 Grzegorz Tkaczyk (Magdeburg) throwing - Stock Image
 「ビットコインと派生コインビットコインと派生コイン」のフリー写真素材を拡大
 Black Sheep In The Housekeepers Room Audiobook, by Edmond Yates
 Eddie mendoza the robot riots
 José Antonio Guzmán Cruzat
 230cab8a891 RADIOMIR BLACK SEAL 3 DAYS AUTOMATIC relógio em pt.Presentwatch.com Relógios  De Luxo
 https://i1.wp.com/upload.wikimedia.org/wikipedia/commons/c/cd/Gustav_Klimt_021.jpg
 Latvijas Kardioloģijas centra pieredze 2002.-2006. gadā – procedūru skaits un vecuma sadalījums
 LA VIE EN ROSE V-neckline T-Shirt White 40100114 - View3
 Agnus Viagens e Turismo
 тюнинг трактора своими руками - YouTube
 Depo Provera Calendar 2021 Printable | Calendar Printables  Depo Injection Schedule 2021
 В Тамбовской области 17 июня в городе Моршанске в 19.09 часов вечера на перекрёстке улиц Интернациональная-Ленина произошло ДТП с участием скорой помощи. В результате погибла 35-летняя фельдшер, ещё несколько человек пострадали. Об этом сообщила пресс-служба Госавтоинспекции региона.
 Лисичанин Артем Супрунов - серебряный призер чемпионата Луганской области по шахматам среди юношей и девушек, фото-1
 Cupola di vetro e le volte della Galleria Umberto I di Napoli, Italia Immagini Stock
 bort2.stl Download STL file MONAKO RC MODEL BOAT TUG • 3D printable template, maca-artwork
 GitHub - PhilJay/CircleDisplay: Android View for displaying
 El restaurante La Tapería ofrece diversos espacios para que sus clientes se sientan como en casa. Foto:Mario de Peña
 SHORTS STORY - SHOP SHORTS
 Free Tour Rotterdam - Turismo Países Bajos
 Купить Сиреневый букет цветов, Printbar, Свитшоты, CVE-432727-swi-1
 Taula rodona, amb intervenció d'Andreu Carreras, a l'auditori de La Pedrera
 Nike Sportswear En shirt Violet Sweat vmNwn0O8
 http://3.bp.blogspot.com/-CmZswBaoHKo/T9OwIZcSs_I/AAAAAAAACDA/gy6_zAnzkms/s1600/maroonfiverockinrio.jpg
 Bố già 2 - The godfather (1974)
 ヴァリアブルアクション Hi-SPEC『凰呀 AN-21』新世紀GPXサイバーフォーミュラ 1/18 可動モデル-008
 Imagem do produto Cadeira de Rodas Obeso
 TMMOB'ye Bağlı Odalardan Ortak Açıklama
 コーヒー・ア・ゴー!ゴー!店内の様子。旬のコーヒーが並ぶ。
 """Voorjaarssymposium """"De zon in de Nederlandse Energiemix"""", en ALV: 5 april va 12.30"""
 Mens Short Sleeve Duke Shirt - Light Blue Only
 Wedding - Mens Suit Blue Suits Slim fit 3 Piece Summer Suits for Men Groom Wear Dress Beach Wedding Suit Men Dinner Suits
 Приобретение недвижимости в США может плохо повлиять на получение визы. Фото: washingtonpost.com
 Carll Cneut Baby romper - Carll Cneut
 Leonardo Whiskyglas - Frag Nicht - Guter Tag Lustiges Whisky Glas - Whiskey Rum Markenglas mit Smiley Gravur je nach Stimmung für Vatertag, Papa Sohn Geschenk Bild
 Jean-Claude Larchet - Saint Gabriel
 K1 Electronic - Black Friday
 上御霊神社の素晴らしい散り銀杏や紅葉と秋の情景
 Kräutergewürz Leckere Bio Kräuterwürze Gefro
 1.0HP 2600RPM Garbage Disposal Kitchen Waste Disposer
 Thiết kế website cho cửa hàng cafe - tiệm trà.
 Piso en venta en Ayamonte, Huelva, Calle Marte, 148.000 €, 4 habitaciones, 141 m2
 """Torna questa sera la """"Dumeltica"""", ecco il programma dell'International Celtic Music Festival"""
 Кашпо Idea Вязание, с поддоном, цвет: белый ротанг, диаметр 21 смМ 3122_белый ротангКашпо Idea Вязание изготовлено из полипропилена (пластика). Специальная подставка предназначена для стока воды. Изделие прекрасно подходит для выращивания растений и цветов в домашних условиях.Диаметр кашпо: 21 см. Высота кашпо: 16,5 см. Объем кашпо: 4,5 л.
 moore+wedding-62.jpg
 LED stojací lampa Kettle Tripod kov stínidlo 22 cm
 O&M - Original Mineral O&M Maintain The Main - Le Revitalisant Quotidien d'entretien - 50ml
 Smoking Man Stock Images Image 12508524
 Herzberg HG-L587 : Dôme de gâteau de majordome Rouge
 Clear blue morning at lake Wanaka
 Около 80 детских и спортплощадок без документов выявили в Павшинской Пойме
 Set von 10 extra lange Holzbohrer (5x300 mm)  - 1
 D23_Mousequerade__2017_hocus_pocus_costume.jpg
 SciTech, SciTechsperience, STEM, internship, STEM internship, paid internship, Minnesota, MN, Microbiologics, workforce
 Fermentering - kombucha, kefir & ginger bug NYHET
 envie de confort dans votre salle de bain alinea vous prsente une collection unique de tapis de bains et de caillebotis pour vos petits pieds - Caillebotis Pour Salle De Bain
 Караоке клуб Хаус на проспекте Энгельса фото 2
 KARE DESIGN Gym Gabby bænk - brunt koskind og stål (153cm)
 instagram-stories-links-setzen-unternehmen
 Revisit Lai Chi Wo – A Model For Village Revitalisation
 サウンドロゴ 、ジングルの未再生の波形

*Task brief*
Once more, give all the records exactly as they were written.

*The answer*
 Grzegorz Tkaczyk (Magdeburg) throwing - Stock Image
 「ビットコインと派生コインビットコインと派生コイン」のフリー写真素材を拡大
 Black Sheep In The Housekeepers Room Audiobook, by Edmond Yates
 Eddie mendoza the robot riots
 José Antonio Guzmán Cruzat
 230cab8a891 RADIOMIR BLACK SEAL 3 DAYS AUTOMATIC relógio em pt.Presentwatch.com Relógios  De Luxo
 https://i1.wp.com/upload.wikimedia.org/wikipedia/commons/c/cd/Gustav_Klimt_021.jpg
 Latvijas Kardioloģijas centra pieredze 2002.-2006. gadā – procedūru skaits un vecuma sadalījums
 LA VIE EN ROSE V-neckline T-Shirt White 40100114 - View3
 Agnus Viagens e Turismo
 тюнинг трактора своими руками - YouTube
 Depo Provera Calendar 2021 Printable | Calendar Printables  Depo Injection Schedule 2021
 В Тамбовской области 17 июня в городе Моршанске в 19.09 часов вечера на перекрёстке улиц Интернациональная-Ленина произошло ДТП с участием скорой помощи. В результате погибла 35-летняя фельдшер, ещё несколько человек пострадали. Об этом сообщила пресс-служба Госавтоинспекции региона.
 Лисичанин Артем Супрунов - серебряный призер чемпионата Луганской области по шахматам среди юношей и девушек, фото-1
 Cupola di vetro e le volte della Galleria Umberto I di Napoli, Italia Immagini Stock
 bort2.stl Download STL file MONAKO RC MODEL BOAT TUG • 3D printable template, maca-artwork
 GitHub - PhilJay/CircleDisplay: Android View for displaying
 El restaurante La Tapería ofrece diversos espacios para que sus clientes se sientan como en casa. Foto:Mario de Peña
 SHORTS STORY - SHOP SHORTS
 Free Tour Rotterdam - Turismo Países Bajos
 Купить Сиреневый букет цветов, Printbar, Свитшоты, CVE-432727-swi-1
 Taula rodona, amb intervenció d'Andreu Carreras, a l'auditori de La Pedrera
 Nike Sportswear En shirt Violet Sweat vmNwn0O8
 http://3.bp.blogspot.com/-CmZswBaoHKo/T9OwIZcSs_I/AAAAAAAACDA/gy6_zAnzkms/s1600/maroonfiverockinrio.jpg
 Bố già 2 - The godfather (1974)
 ヴァリアブルアクション Hi-SPEC『凰呀 AN-21』新世紀GPXサイバーフォーミュラ 1/18 可動モデル-008
 Imagem do produto Cadeira de Rodas Obeso
 TMMOB'ye Bağlı Odalardan Ortak Açıklama
 コーヒー・ア・ゴー!ゴー!店内の様子。旬のコーヒーが並ぶ。
 """Voorjaarssymposium """"De zon in de Nederlandse Energiemix"""", en ALV: 5 april va 12.30"""
 Mens Short Sleeve Duke Shirt - Light Blue Only
 Wedding - Mens Suit Blue Suits Slim fit 3 Piece Summer Suits for Men Groom Wear Dress Beach Wedding Suit Men Dinner Suits
 Приобретение недвижимости в США может плохо повлиять на получение визы. Фото: washingtonpost.com
 Carll Cneut Baby romper - Carll Cneut
 Leonardo Whiskyglas - Frag Nicht - Guter Tag Lustiges Whisky Glas - Whiskey Rum Markenglas mit Smiley Gravur je nach Stimmung für Vatertag, Papa Sohn Geschenk Bild
 Jean-Claude Larchet - Saint Gabriel
 K1 Electronic - Black Friday
 上御霊神社の素晴らしい散り銀杏や紅葉と秋の情景
 Kräutergewürz Leckere Bio Kräuterwürze Gefro
 1.0HP 2600RPM Garbage Disposal Kitchen Waste Disposer
 Thiết kế website cho cửa hàng cafe - tiệm trà.
 Piso en venta en Ayamonte, Huelva, Calle Marte, 148.000 €, 4 habitaciones, 141 m2
 """Torna questa sera la """"Dumeltica"""", ecco il programma dell'International Celtic Music Festival"""
 Кашпо Idea Вязание, с поддоном, цвет: белый ротанг, диаметр 21 смМ 3122_белый ротангКашпо Idea Вязание изготовлено из полипропилена (пластика). Специальная подставка предназначена для стока воды. Изделие прекрасно подходит для выращивания растений и цветов в домашних условиях.Диаметр кашпо: 21 см. Высота кашпо: 16,5 см. Объем кашпо: 4,5 л.
 moore+wedding-62.jpg
 LED stojací lampa Kettle Tripod kov stínidlo 22 cm
 O&M - Original Mineral O&M Maintain The Main - Le Revitalisant Quotidien d'entretien - 50ml
 Smoking Man Stock Images Image 12508524
 Herzberg HG-L587 : Dôme de gâteau de majordome Rouge
 Clear blue morning at lake Wanaka
 Около 80 детских и спортплощадок без документов выявили в Павшинской Пойме
 Set von 10 extra lange Holzbohrer (5x300 mm)  - 1
 D23_Mousequerade__2017_hocus_pocus_costume.jpg
 SciTech, SciTechsperience, STEM, internship, STEM internship, paid internship, Minnesota, MN, Microbiologics, workforce
 Fermentering - kombucha, kefir & ginger bug NYHET
 envie de confort dans votre salle de bain alinea vous prsente une collection unique de tapis de bains et de caillebotis pour vos petits pieds - Caillebotis Pour Salle De Bain
 Караоке клуб Хаус на проспекте Энгельса фото 2
 KARE DESIGN Gym Gabby bænk - brunt koskind og stål (153cm)
 instagram-stories-links-setzen-unternehmen
 Revisit Lai Chi Wo – A Model For Village Revitalisation
 サウンドロゴ 、ジングルの未再生の波形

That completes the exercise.